**COLLECTED MATERIAL**
[Start of section]
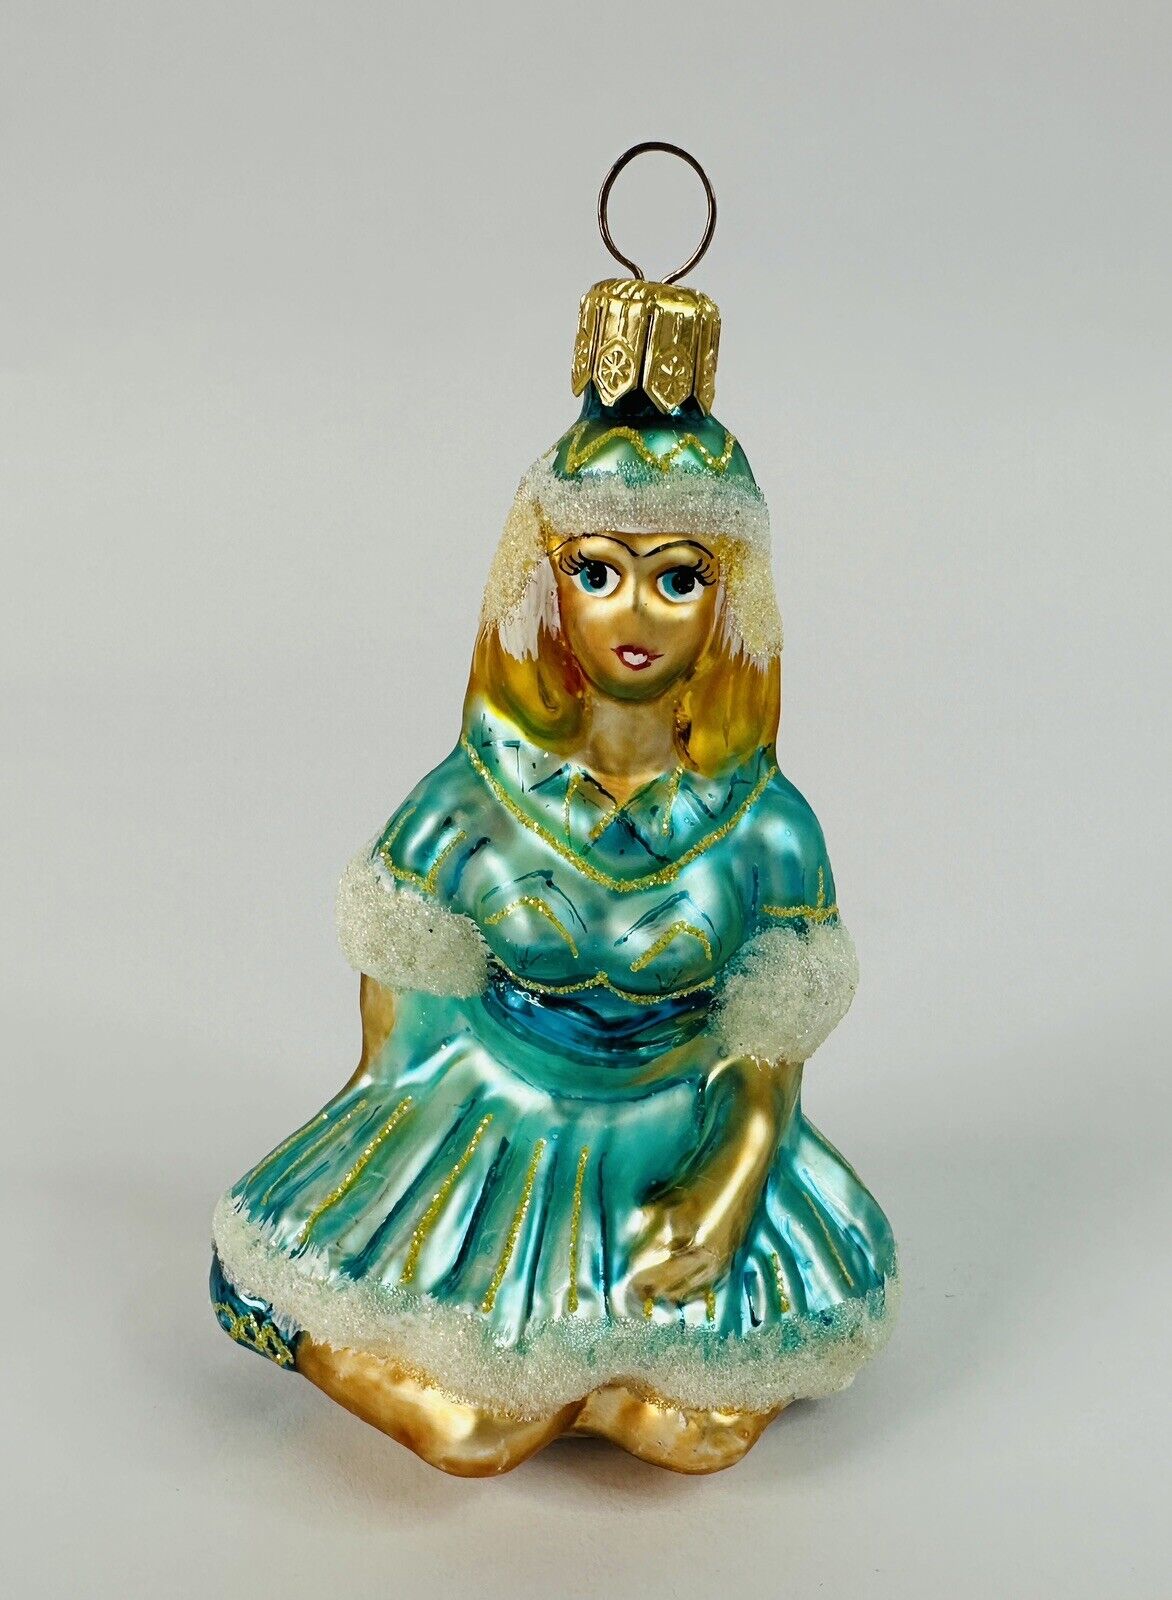 Christopher Radko “Snow Fairy” Hand-Blown Glass Christmas Ornament
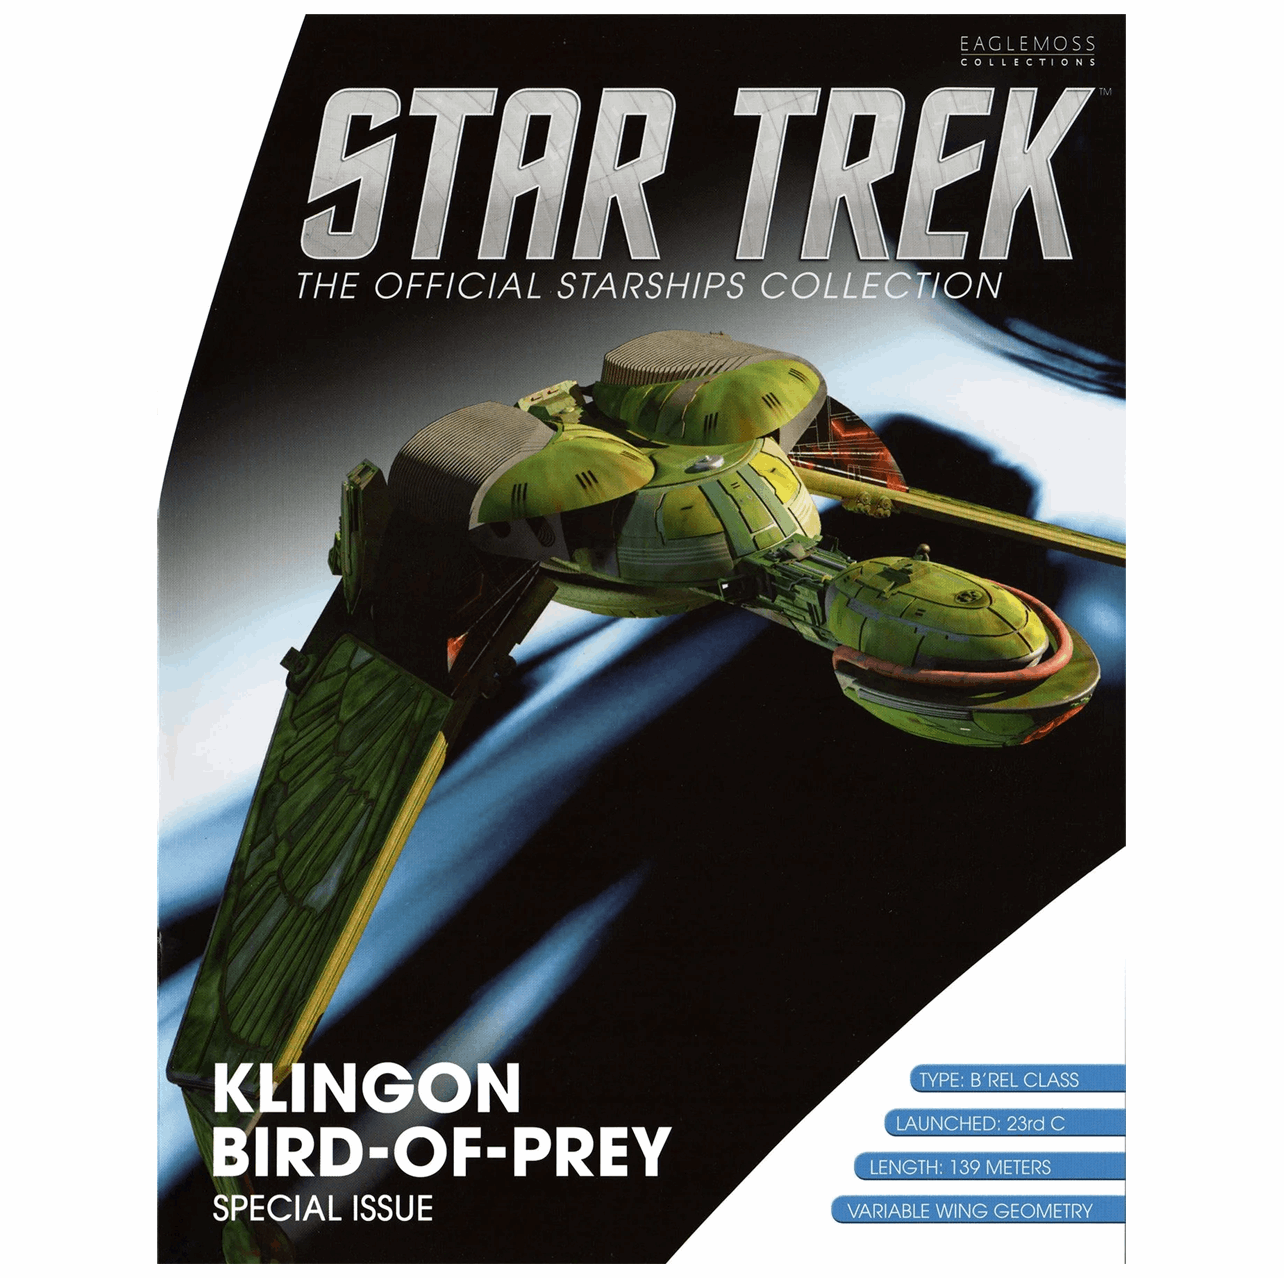 #13 Klingon Bird-of-Prey (B'rel-class) XL EDITION Diecast Model Ship (Eaglemoss / Star Trek)
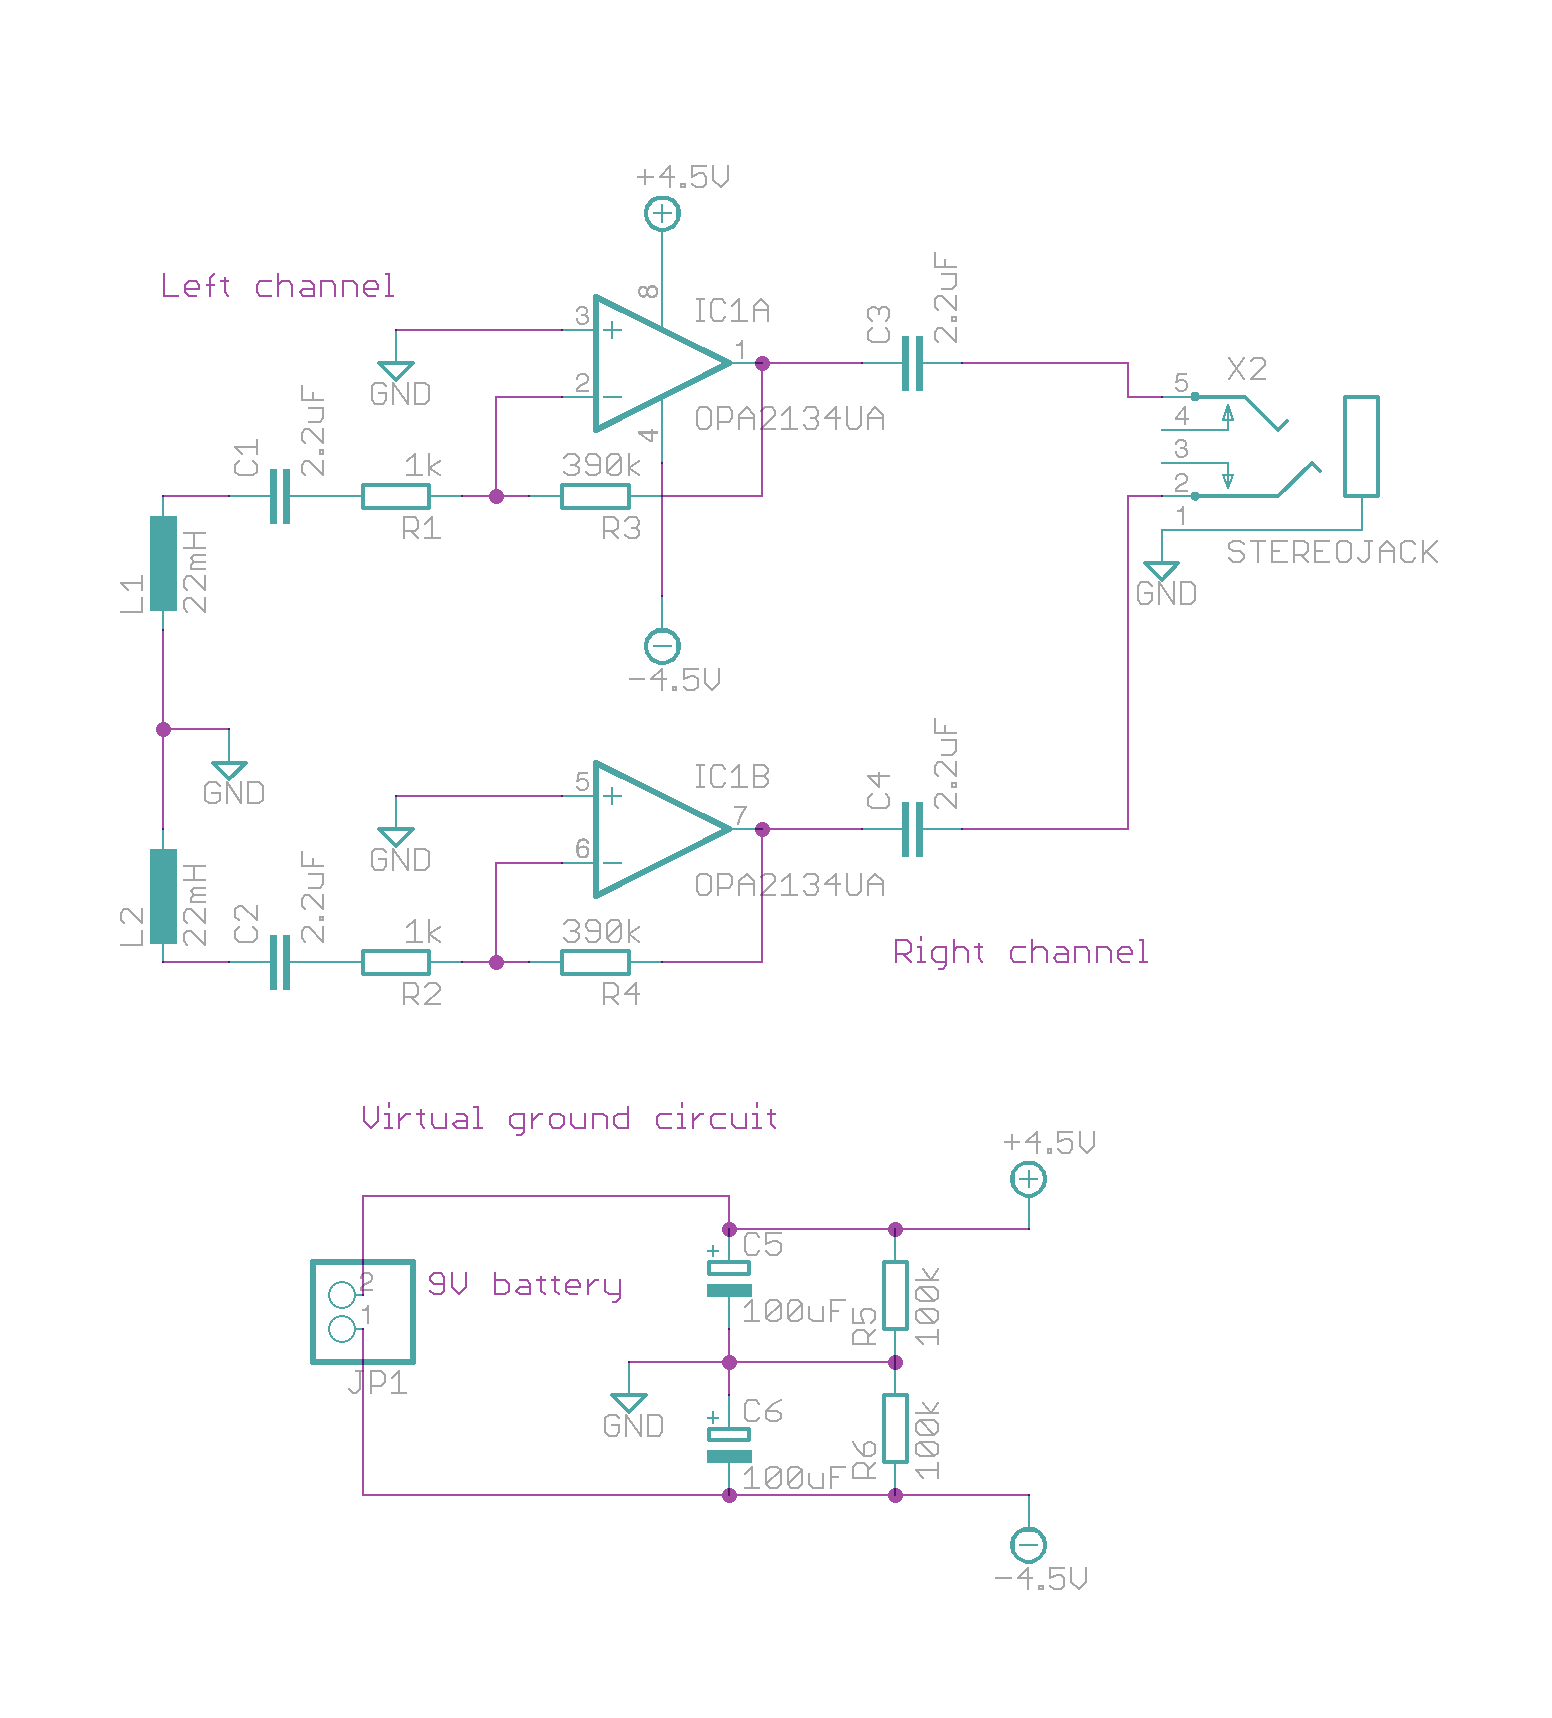 Elektrosluch schematic borrowed from https://github.com/LOM-instruments/Elektrosluch-DIY - Licence GPLv3
[End of section]
**WHAT IS NEEDED**
Please copy out the whole listing exactly as it stands, minus the pictures.

**OUTPUT OF THE TASK**
 Christopher Radko “Snow Fairy” Hand-Blown Glass Christmas Ornament
 #13 Klingon Bird-of-Prey (B'rel-class) XL EDITION Diecast Model Ship (Eaglemoss / Star Trek)
 Elektrosluch schematic borrowed from https://github.com/LOM-instruments/Elektrosluch-DIY - Licence GPLv3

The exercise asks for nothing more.